China's sustained growth shows the economy has remained resilient even as Beijing kicked its war on pollution into a high gear during the winter months by cutting nproduction for many steel smelters, mills and factories.
Fears of a trade war with the US have also roiled markets in recent weeks, with Washington and Beijing exchanging warnings of tit-for-tat tariffs on a significant portion of their bilateral trade.
The tensions have yet to cause real harm to the economy, analysts say, but that may change in coming months when tariffs threatened by US President Donald Trump are expected to be implemented.
"Years of unfair trade have hammered American families and plundered American wealth," Trump said Friday in his weekly address.
"It's been absolutely terrible for our country," he said, adding his administration was proposing tariffs to "save our industries for the future".
"We have no other choice," Trump said.
The threatened tariffs on a $150 billion worth of Chinese goods, and 50 billion of US goods, would dent economic growth on both sides of the Pacific, analysts say.

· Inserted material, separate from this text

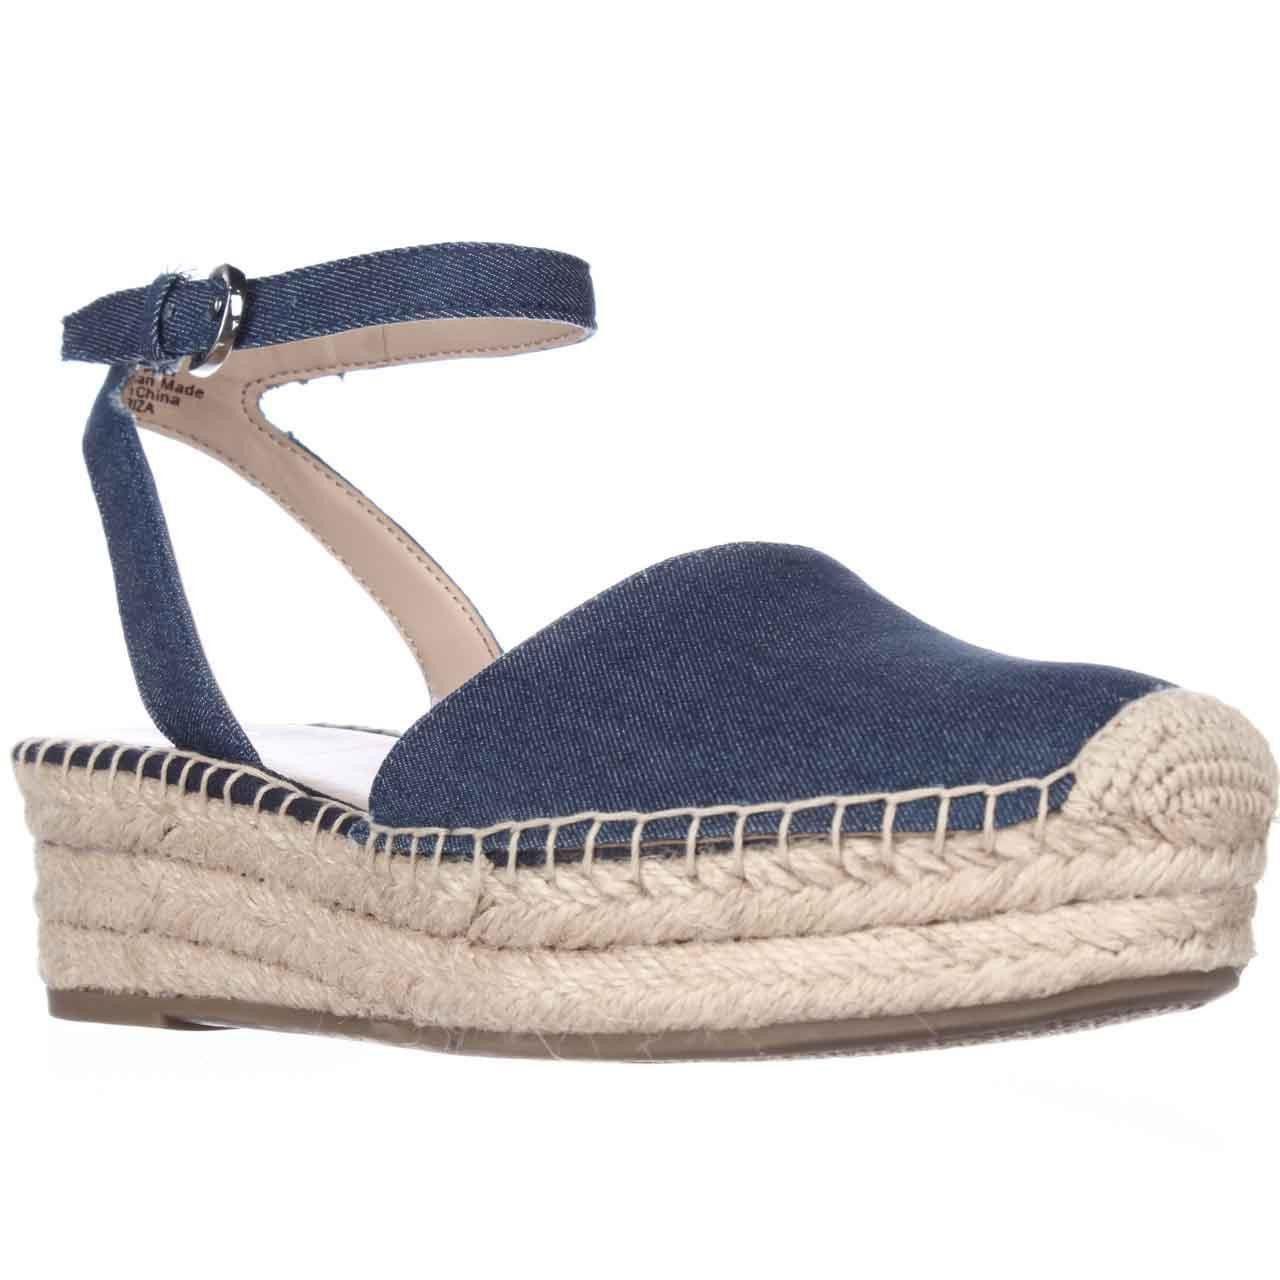 Franco Sarto Lariza Espadrille Wedge Platform Sandals - Blue Jeans
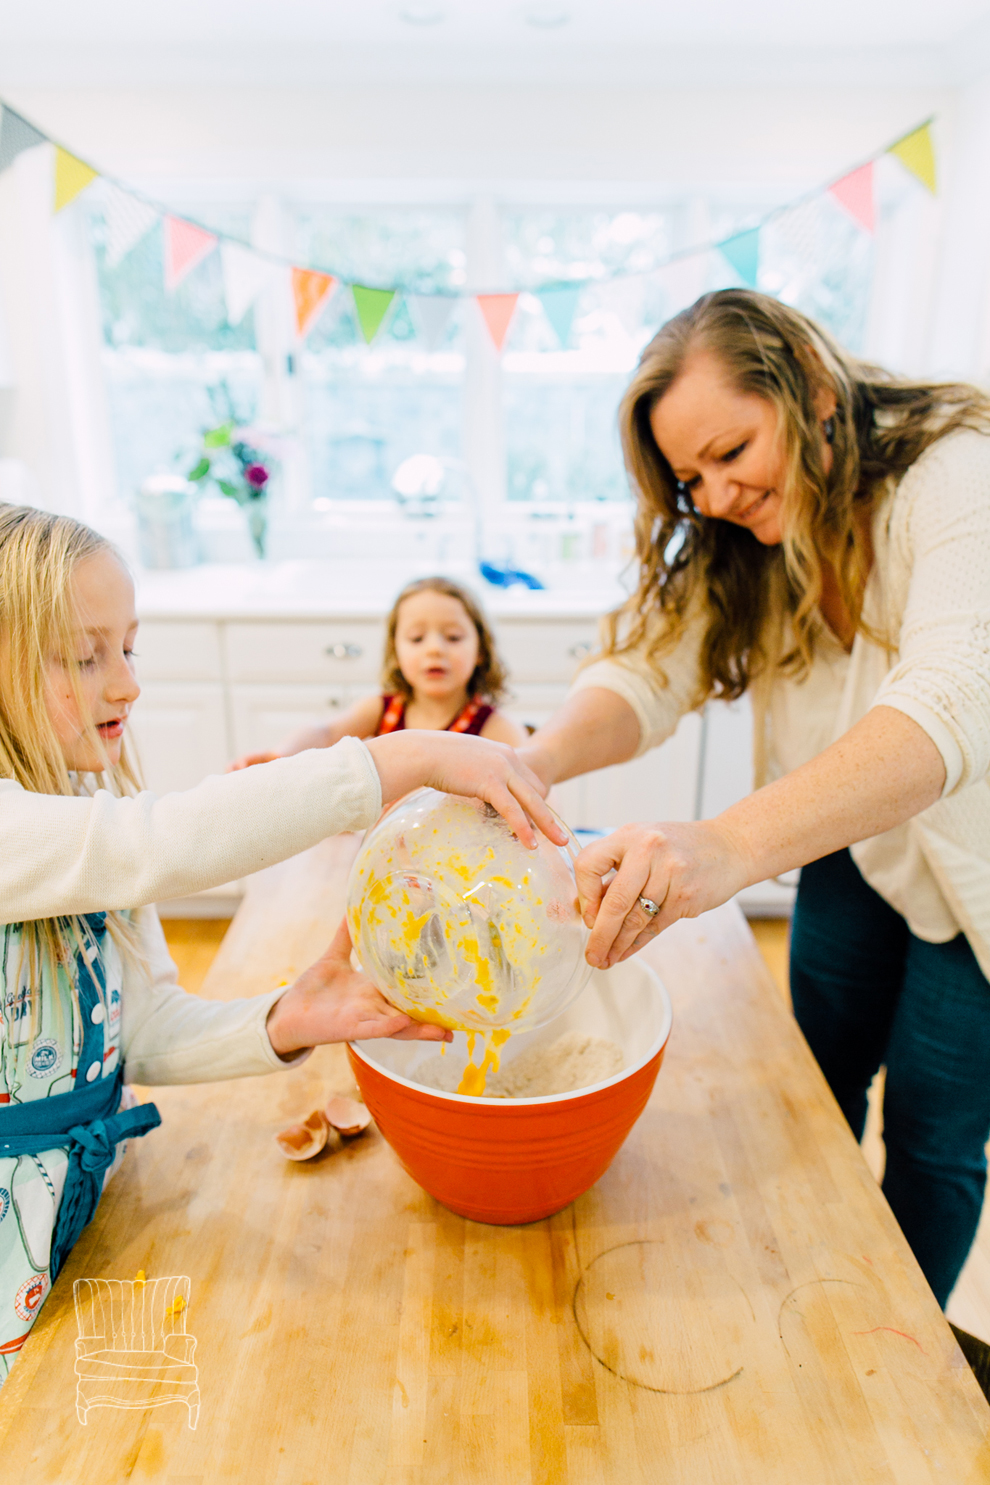 009-bellingham-family-lifestyle-photographer-katheryn-moran-kitchen-baking-pippin.jpg

For the last decade, about 20 percent of China's exports have been ferried to the US, according to Moody's Investors Services, which forecasts a material macroeconomic impact if Trump makes good on his threats with the consequences vibrating beyond China's end exporters and deep into the economy.
Along with exports, debt-fuelled investment has driven China's economy over the last decade - but with fears growing over a possible credit crisis, officials in Beijing are stepping up their battle against debt and financial risk.
Output at China's factories and workshops expanded 6.8 percent year-on-year for the first quarter, matching the expansion seen during the same period last year, but below the 6.9 percent forecast by Bloomberg News. Industrial production grew by six percent in March.
Last week, China's central bank released data showing total financing grew at 10.5 percent in March, the slowest pace on record, according to China-focused economist Andrew Polk.
Analysts say the financial risk battle will take a toll on growth but China is counting on its 1.4 billion consumers to pick up the slack.
Economic data show China's savers spending with retail sales growing 9.8 per cent in the first quarter on-year, outpacing forecasts of 9.7 per cent by Bloomberg News.
But the reading is down from 10 percent in the same period of last year.